**Your objective:**
Set out exactly every line of the entries below, starting at the line that holds "Chance the Raccoon!" and stopping after the line that holds "Rozpinany sweter z".

====== Extracted material

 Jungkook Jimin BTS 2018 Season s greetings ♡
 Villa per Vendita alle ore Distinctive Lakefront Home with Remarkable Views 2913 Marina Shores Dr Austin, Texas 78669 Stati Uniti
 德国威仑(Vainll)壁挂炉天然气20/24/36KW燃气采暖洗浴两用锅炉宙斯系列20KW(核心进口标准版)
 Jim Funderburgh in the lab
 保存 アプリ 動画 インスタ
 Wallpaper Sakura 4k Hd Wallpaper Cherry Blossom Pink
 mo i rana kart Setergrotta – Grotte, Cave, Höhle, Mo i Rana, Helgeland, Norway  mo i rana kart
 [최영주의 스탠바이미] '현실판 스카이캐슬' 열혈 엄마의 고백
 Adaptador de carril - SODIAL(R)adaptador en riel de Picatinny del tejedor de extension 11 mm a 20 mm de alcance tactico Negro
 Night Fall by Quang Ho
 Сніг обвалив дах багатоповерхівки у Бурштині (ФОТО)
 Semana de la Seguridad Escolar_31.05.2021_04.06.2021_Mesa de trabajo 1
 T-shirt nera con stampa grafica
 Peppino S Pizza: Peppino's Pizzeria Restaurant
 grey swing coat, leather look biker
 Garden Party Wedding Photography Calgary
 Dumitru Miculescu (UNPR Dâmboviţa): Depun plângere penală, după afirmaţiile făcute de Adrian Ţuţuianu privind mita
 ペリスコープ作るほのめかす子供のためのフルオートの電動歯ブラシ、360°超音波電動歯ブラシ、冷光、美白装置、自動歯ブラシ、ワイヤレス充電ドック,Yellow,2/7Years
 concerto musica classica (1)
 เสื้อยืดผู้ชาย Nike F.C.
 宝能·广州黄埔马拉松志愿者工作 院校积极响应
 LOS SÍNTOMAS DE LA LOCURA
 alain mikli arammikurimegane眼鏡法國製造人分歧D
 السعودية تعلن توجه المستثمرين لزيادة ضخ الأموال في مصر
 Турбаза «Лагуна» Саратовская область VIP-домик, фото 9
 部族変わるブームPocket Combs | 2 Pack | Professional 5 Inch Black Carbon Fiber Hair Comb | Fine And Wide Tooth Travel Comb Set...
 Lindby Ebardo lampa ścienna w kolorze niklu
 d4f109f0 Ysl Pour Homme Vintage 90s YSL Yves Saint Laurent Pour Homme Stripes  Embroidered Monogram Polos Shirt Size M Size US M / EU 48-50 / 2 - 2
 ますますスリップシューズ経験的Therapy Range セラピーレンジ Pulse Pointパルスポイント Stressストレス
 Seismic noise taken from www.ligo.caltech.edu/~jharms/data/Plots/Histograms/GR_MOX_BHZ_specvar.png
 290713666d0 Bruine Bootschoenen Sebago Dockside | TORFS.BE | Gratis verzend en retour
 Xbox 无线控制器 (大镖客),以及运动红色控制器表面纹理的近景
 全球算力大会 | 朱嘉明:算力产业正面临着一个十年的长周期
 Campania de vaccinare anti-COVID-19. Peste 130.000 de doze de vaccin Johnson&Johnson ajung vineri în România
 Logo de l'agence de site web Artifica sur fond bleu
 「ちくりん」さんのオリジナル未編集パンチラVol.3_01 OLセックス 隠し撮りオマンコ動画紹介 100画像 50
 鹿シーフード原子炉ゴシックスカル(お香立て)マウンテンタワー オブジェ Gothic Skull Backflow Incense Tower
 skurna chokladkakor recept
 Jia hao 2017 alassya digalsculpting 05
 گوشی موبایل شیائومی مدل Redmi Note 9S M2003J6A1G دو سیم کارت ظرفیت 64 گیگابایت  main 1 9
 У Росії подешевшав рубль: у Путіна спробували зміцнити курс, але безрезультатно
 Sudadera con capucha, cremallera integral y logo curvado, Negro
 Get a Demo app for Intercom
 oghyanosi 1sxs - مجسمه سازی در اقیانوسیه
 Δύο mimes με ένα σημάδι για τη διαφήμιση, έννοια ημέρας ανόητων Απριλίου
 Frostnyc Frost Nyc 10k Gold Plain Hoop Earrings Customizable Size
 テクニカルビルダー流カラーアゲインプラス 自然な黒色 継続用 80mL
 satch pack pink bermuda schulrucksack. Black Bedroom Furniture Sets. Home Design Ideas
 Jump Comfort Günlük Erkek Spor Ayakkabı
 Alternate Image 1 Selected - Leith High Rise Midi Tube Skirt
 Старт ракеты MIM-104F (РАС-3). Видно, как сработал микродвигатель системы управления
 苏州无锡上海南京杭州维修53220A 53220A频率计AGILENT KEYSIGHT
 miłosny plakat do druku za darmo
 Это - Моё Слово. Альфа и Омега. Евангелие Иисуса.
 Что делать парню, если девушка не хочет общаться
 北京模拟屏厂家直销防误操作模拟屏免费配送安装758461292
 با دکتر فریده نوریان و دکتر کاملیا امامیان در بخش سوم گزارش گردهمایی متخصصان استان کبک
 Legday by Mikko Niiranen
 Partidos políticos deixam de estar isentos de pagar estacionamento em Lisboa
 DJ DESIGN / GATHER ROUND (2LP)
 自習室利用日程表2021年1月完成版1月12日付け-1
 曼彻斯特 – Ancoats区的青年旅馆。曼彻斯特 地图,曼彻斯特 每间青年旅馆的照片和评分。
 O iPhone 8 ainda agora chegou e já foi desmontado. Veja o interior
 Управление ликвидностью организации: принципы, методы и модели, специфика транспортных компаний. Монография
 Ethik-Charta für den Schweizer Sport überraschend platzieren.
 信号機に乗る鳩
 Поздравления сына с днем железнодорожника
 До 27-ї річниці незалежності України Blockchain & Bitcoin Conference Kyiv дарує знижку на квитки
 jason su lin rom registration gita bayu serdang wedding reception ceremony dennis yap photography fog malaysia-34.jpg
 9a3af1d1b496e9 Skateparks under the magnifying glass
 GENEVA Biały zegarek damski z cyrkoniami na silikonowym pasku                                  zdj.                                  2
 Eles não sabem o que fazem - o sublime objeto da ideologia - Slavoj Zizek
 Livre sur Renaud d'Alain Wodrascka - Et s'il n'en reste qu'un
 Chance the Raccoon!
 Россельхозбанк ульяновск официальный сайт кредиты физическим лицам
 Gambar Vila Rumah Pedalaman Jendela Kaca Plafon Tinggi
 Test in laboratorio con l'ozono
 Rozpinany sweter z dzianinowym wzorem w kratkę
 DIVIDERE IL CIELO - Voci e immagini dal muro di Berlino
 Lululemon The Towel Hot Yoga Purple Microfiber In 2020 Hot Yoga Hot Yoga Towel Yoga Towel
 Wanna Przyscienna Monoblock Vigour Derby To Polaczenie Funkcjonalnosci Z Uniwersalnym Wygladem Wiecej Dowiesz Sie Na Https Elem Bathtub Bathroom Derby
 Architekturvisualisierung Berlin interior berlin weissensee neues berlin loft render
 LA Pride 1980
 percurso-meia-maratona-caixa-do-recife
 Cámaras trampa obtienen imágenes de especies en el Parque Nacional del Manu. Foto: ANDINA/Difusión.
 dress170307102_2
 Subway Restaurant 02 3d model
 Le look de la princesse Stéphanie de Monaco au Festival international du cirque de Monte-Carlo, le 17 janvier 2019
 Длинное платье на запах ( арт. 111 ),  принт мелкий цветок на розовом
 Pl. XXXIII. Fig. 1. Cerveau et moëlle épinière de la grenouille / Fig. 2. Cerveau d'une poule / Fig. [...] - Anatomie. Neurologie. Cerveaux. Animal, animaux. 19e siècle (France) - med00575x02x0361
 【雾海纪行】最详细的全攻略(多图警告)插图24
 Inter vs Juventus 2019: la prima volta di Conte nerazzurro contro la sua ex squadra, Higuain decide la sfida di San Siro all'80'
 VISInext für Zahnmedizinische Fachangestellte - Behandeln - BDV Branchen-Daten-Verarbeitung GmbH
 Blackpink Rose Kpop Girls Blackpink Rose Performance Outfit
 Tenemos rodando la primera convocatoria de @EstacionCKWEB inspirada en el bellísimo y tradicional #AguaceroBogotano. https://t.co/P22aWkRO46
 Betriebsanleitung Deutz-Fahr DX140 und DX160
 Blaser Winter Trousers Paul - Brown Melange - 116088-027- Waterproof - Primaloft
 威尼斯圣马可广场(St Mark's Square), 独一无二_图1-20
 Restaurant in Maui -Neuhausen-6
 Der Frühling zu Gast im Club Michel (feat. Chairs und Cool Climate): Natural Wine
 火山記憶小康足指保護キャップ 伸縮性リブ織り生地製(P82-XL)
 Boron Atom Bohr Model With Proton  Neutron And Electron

============

**Expected answer:**
 Chance the Raccoon!
 Россельхозбанк ульяновск официальный сайт кредиты физическим лицам
 Gambar Vila Rumah Pedalaman Jendela Kaca Plafon Tinggi
 Test in laboratorio con l'ozono
 Rozpinany sweter z dzianinowym wzorem w kratkę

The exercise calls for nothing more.